Three structural advantages matter for marketing specifically:
- Batch output. One instruction can produce ten files.
- Real math. It can write and run a script against your CSV, so numbers get computed instead of guessed.
- Persistent brand context. A
CLAUDE.mdfile in your project folder loads at the start of every session, per Anthropic’s docs, so your voice rules ride along automatically, forever, without re-pasting.
Marketers who try it keep describing the terminal as “the black screen hackers use in movies.” It looks that way for about an hour. Then it looks like a text box.
Marketers using Claude Code became common enough that Anthropic built Claude Cowork, a simplified desktop version of the same engine, partly because of them; my Cowork guide covers it. This page sticks with Claude Code proper, which gives you more control. If you want the broader beginner’s case first, start with Claude Code for Non-Developers.
One Webinar In, Five Assets Out: Claude Code Content Repurposing
HubSpot’s State of Marketing 2026 found that 49.4% of teams reuse identical content across every platform, while only 39.5% adapt it per platform. Everyone knows adapting wins. Nobody has the hours.
Content repurposing with Claude Code makes adaptation roughly as cheap as duplication. Put the transcript in a folder, add your voice rules to CLAUDE.md (more on that below), and ask for everything at once:
Read @webinar-transcript.md and create an outputs folder containing:
1. blog-post.md: 1,200 words in our voice, one H2 per major point
2. email.md: 150-word newsletter version with a single CTA
3. linkedin-posts.md: three posts with different hooks, no hashtags
4. twitter-thread.md: 8 tweets, lead with the counterintuitive stat
5. one-pager.md: sales-ready summary, three bullets per sectionThe @ symbol points Claude at a specific file; the course covers it in Working with Files. A few minutes later you have five drafts sitting in a folder, each shaped for its channel instead of pasted identically across all of them.
This compounds.
One agency owner with no technical background built herself a webinar-repurposing tool in about two to three hours; it now turns a transcript into LinkedIn posts, a newsletter recap, video scripts, and email sequences in about two minutes. Anthropic’s own growth marketing team reports that ad copy creation from CSVs dropped from 2 hours to roughly 15 minutes, per its published case-study PDF, with sub-agents generating hundreds of ad variations in one batch. Claude Code can run several agents in parallel, which is how “hundreds” stops sounding like vendor copy.

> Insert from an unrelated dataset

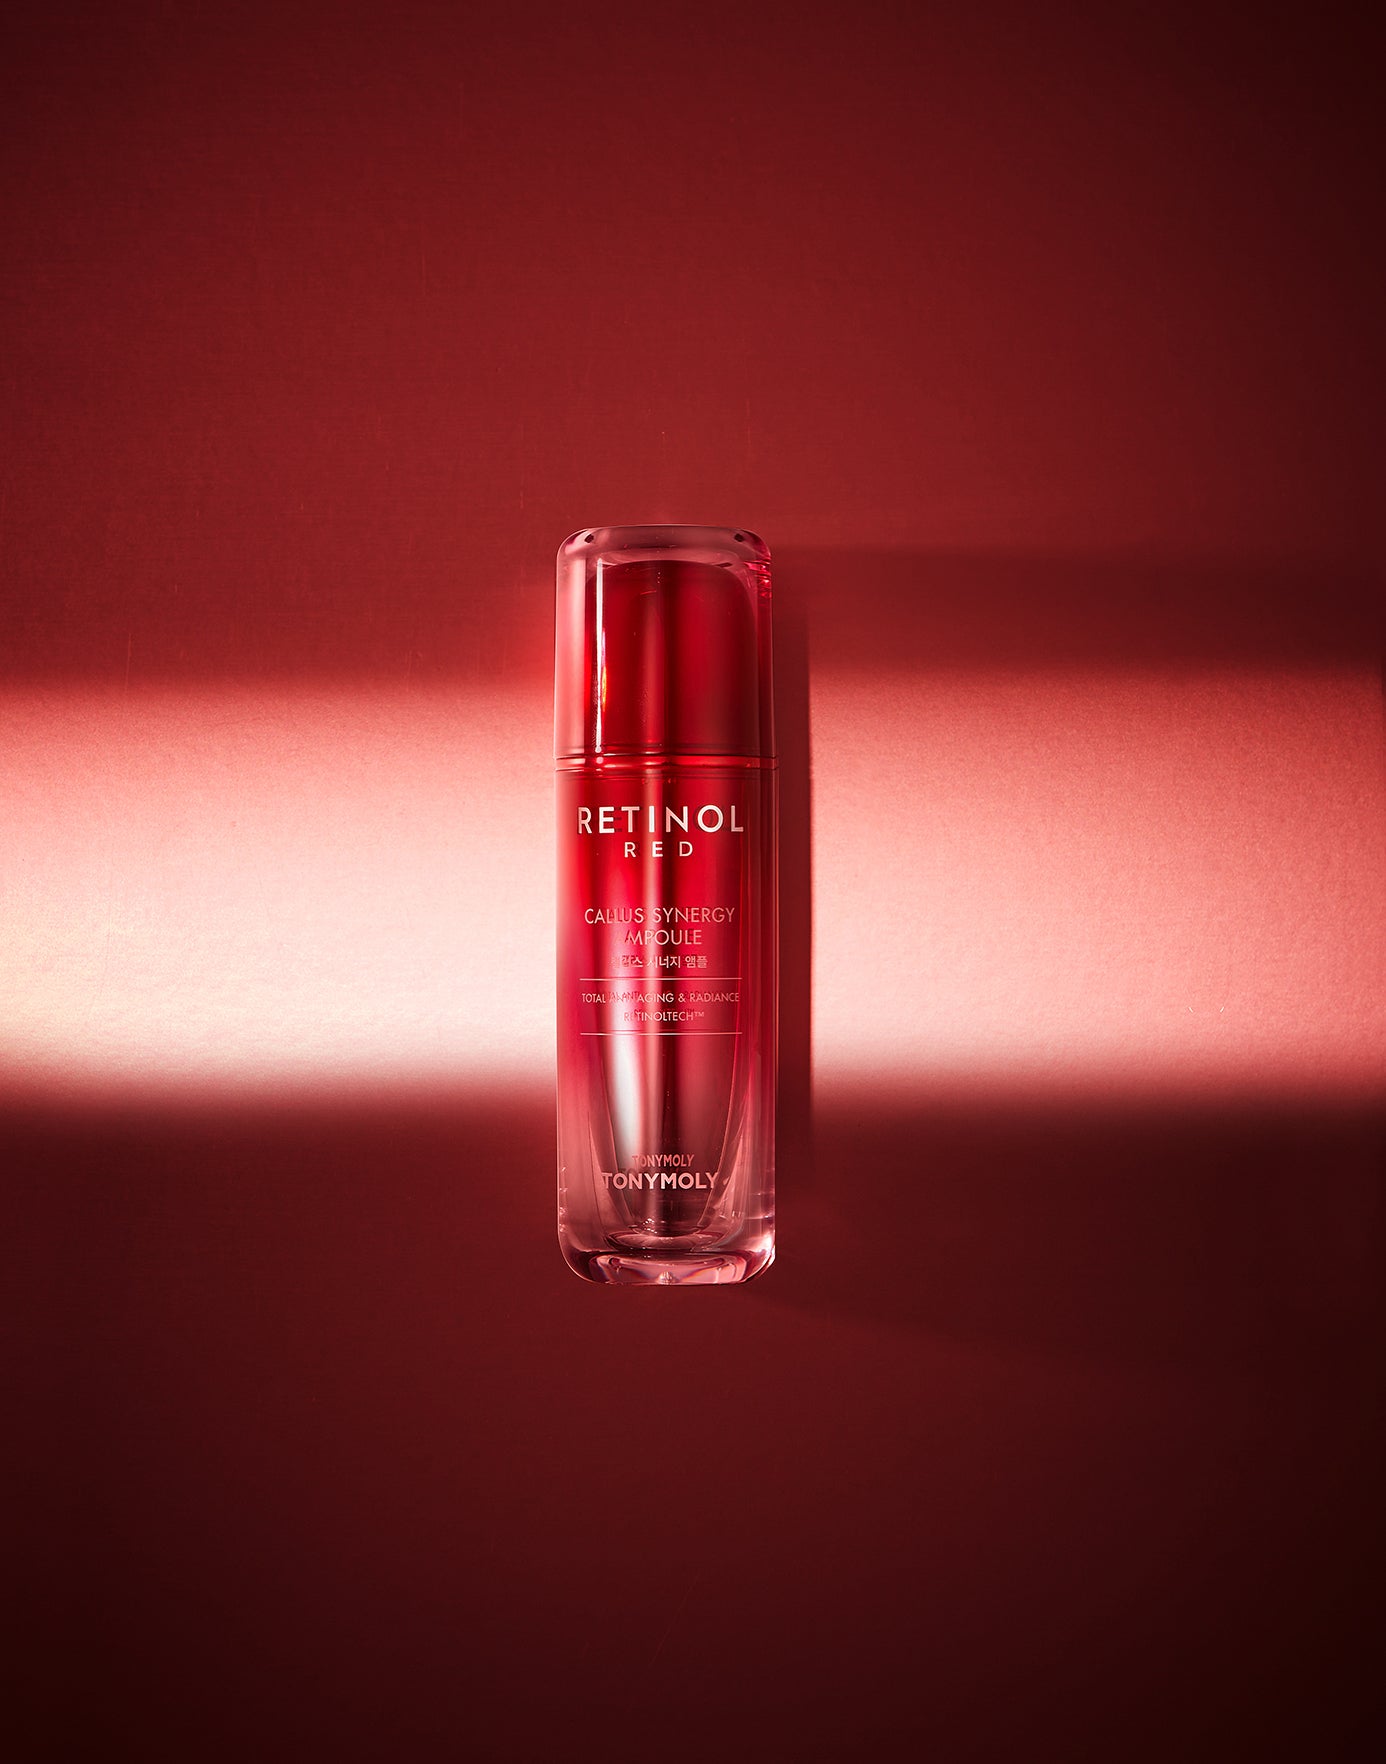 Red Retinol Callus Synergy Ampoule

The caveat on every row: editing time is still yours. Claude gets you strong drafts in minutes; it does not get you out of reading them.
Campaign Post-Mortems Without a Data Team
You do not need an analyst to answer “what happened last week.” You need the CSV export from your ad platform and about fifteen minutes.
Campaign analysis with Claude Code works because it can write and run code against your data. That distinction sounds technical and is actually the entire ballgame. A chat model reading your CSV will eyeball totals and sometimes invent them: in one widely shared cautionary tale, an analyst presented a customer lifetime value of $12,847 to executives when the real figure was $4,291, because the model produced a plausible number instead of computing one. Claude Code can instead write a small Python script, run it, and report what the script returned.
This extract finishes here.